Las instituciones buscan medidas urgentes para los ‘pichis’ tras los últimos altercados

Una mujer ajena a la información, en una habitación del albergue municipal Cmas. /I. Aizpuru
Una mujer ajena a la información, en una habitación del albergue municipal Cmas. / I. Aizpuru

El Ayuntamiento de Vitoria medita expulsar del albergue municipal a un miembro del clan por agredir a otro usuario, mientras que Alokabide podría realojarlos «en breve»

DAVID GONZÁLEZ

La mano tendida por el Gabinete Urtaran a la familia Manzanares-Cortés, más conocidos como los ‘pichis’ y a los que cobija desde mayo en un albergue municipal, podría cerrarse bien pronto. Al menos para uno de ellos. Un menor de diecisiete años a quien efectivos de la Policía Local identificaron ayer acusado de agredir a otro inquilino del Cmas, acrónimo de Centro Municipal de Acogida Social. «No se trata de un episodio aislado», certifican fuentes policiales. Las patrullas han intervenido «en varias ocasiones» desde su «realojamiento temporal» en un módulo familiar de este complejo público, con capacidad para 67 plazas y localizado en la Avenida del Mediterráneo.

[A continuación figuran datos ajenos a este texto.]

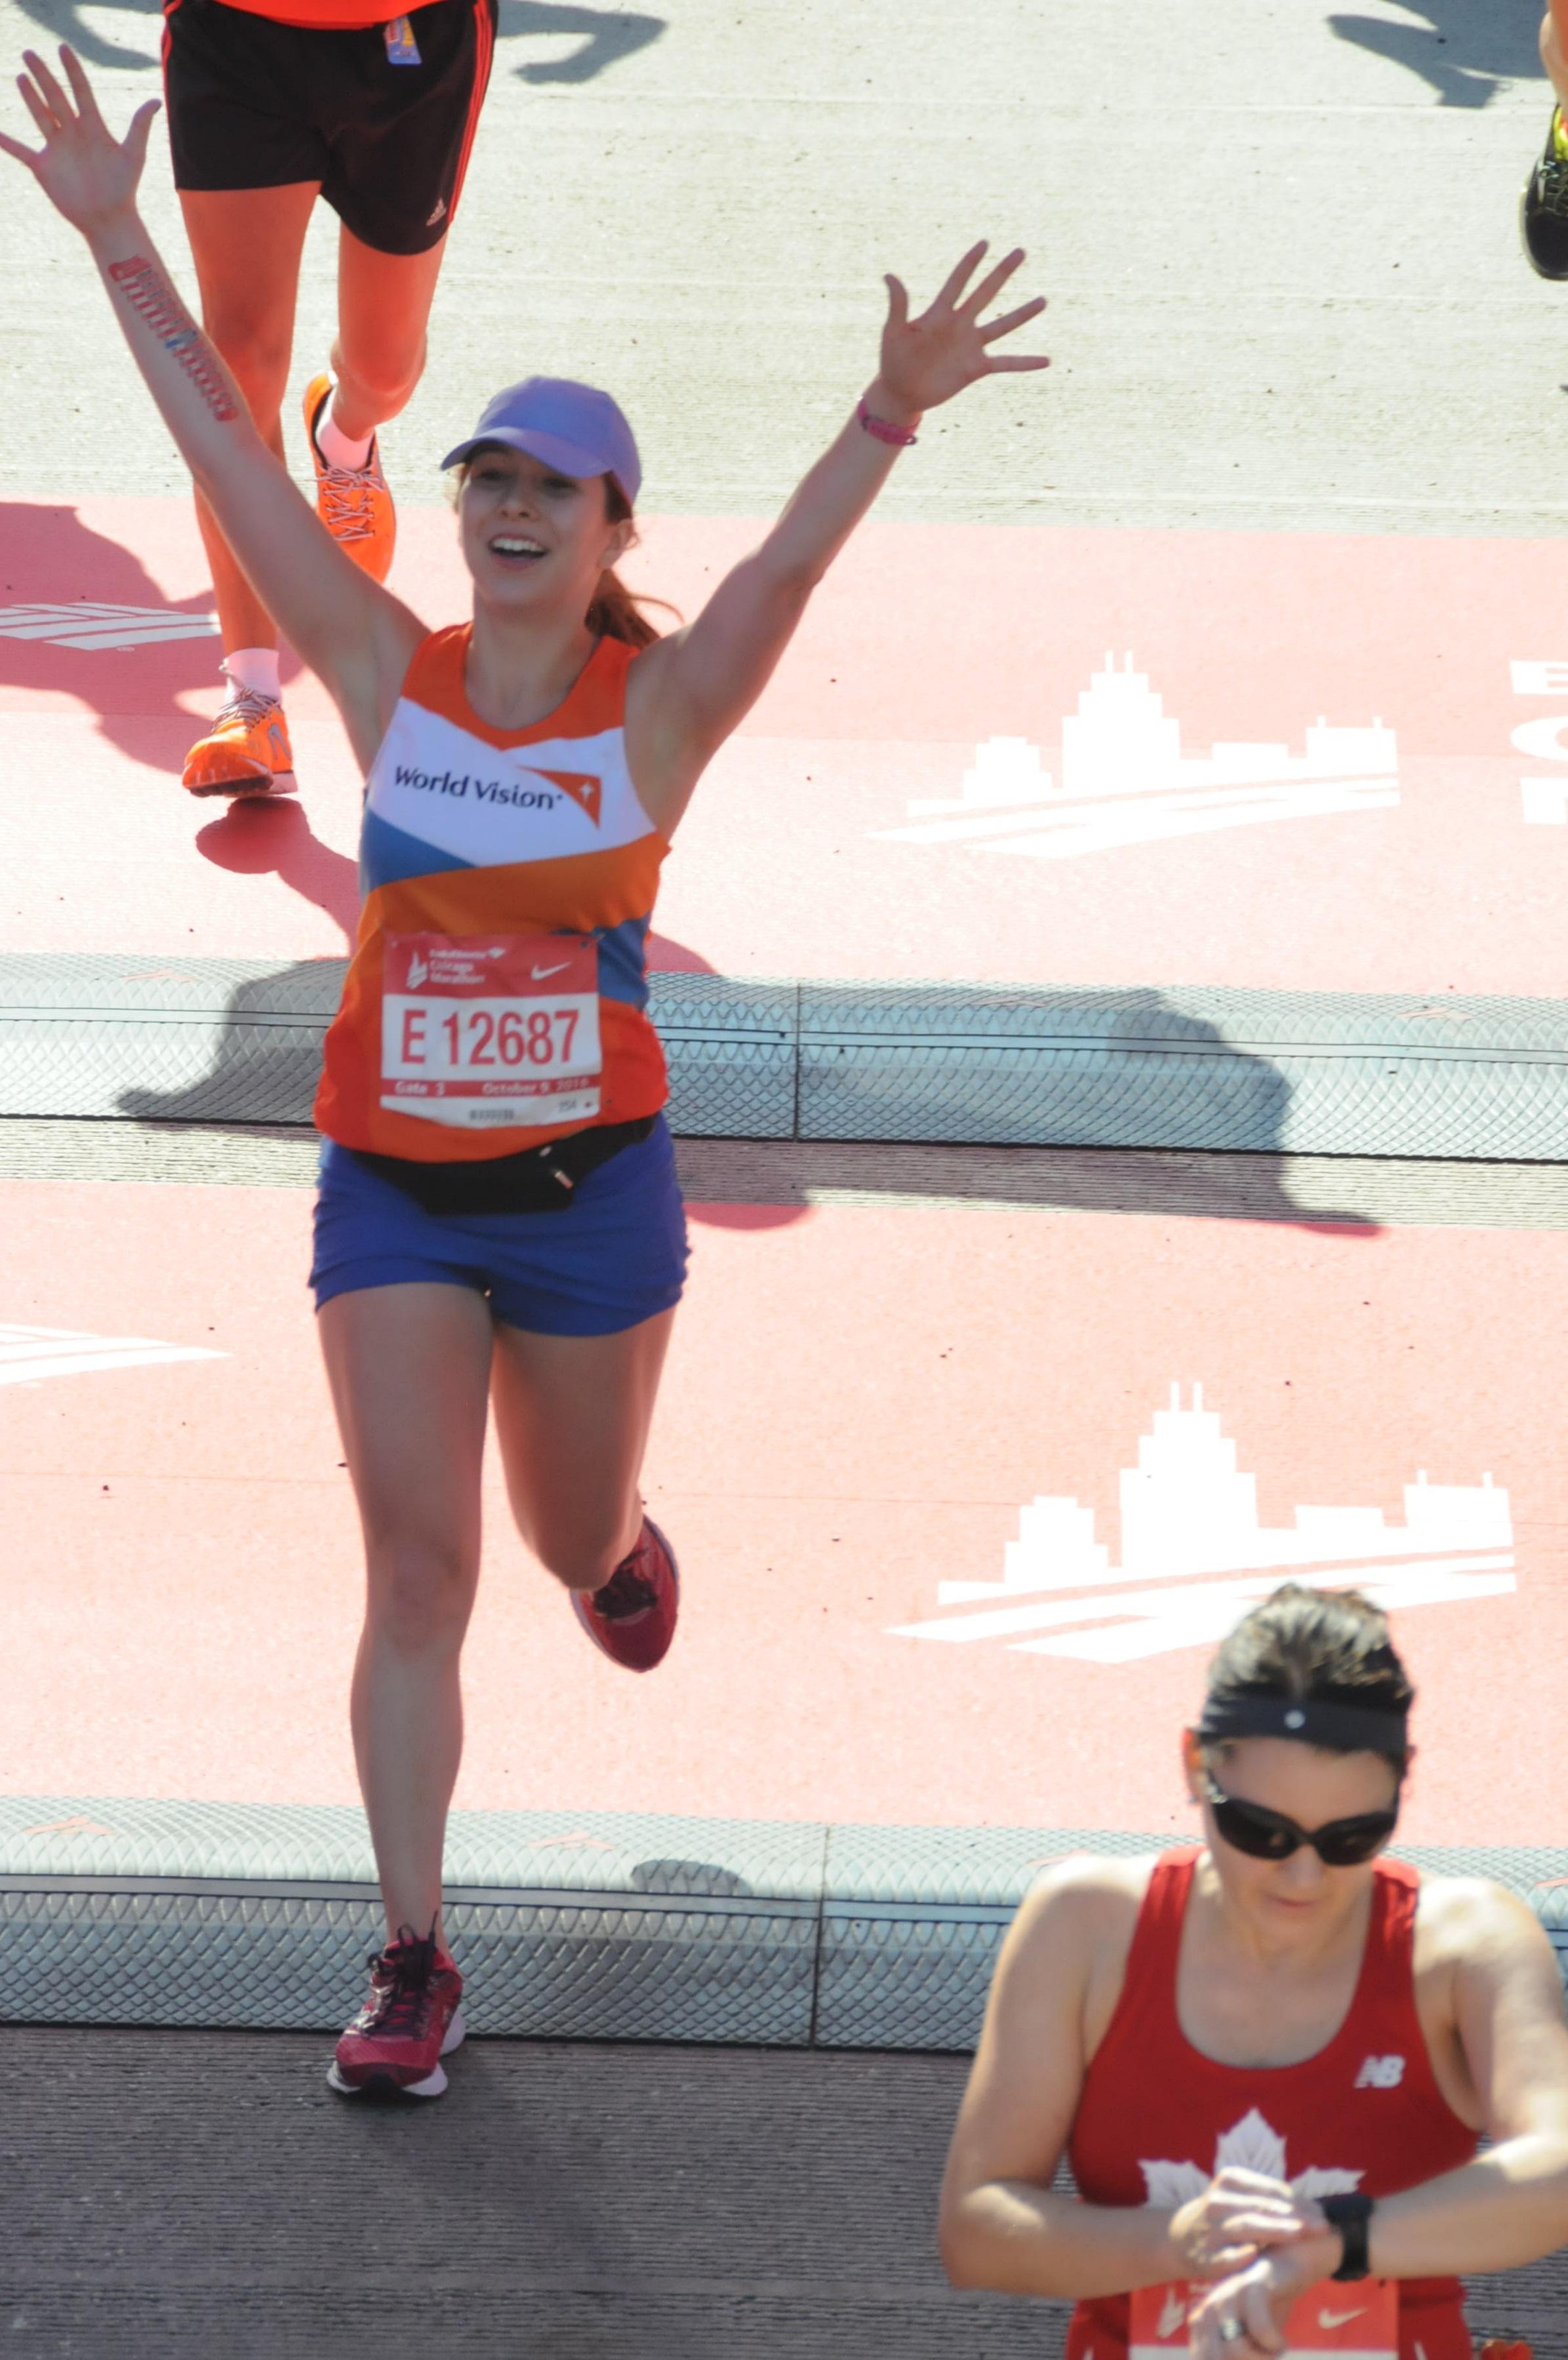 Finish line of The 2016 Chicago Marathon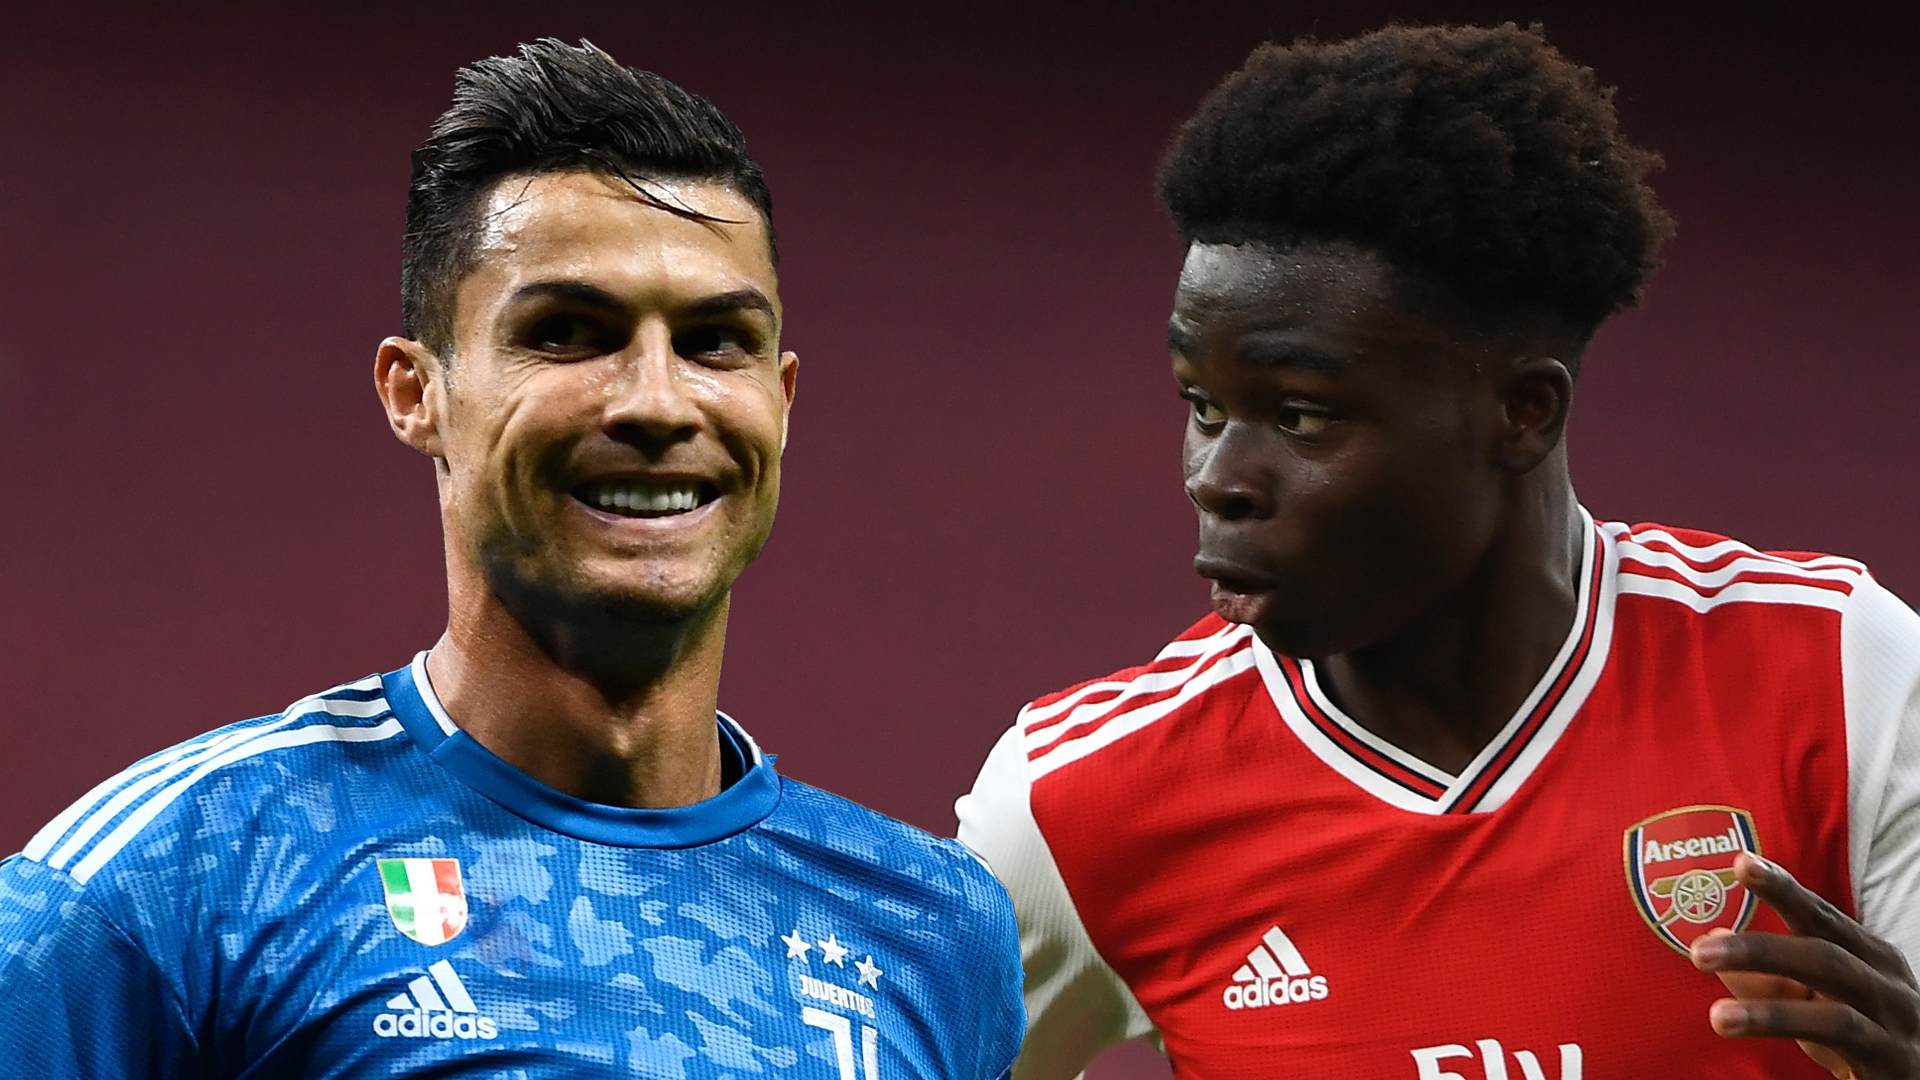 Ronaldo's my idol & I try to take things from his game - Arsenal teen sensation Saka

El panorama descrito a EL CORREO por medios policiales resulta, cuando menos, preocupante. «Cada vez que vamos al albergue encontramos peor al personal del centro y a otros usuarios. Nos hablan de que estas personas» -en referencia a los ‘pichis’- «no atienden a razones, de que están imponiendo sus normas y no dudan en valerse de las amenazas para salirse con la suya», coinciden todas las fuentes consultadas, tanto de la comisaría de Aguirrelanda como de la plantilla dependiente de Políticas Sociales.

«O te unes a ellos o te tienes que ir del centro, como ha ocurrido con alguno de los otros residentes». El agredido ayer se había marchado del Cmas hace escasas fechas. Al parecer, por un desencuentro con su atacante. En la mañana de ayer acudió a recoger unos enseres. El menor «le golpeó sin mediar palabra en presencia de una trabajadora social». Hasta tres patrullas se presentaron casi de inmediato en el edificio para restituir el orden.

Según ha sabido este periódico, este altercado acarreará consecuencias para este joven. En el Departamento de Políticas Sociales ya se ha abierto ficha con la idea de aplicar el reglamento interno. La medida más severa incluiría la expulsión del albergue de este chico por su pésimo comportamiento.

A Zabalgana o a Salburua

De manera paralela, la administración local ha intensificado las gestiones para que Alokabide, la sociedad del Gobierno vasco que gestiona pisos sociales para personas con recursos limitados, les realoje. En Zabalgana o en Salburua. Ese traslado se producirá «en breve», coinciden todos los medios consultados y sabedores de la evolución de los Manzanares-Cortés.

Tres patrullas de la Guardia urbana acudieron ayer al centro de acogida para restituir el orden

El de ayer es el último incidente atribuido a esta familia, que irrumpió abruptamente en la escena vitoriana el verano de 2016 al ocupar una casa en Abetxuko. Aquello desató una respuesta casi unánime de este barrio. Luego se trasladaron a otra contigua al firmar un contrato teóricamente legal y ahora judicializado. Recibieron dos condenas menores, pasaron 24 días en el local de SOS Racismo tras una salida en falso de su hogar en la calle El Cristo y, desde mayo, viven bajo el paraguas del Ayuntamiento.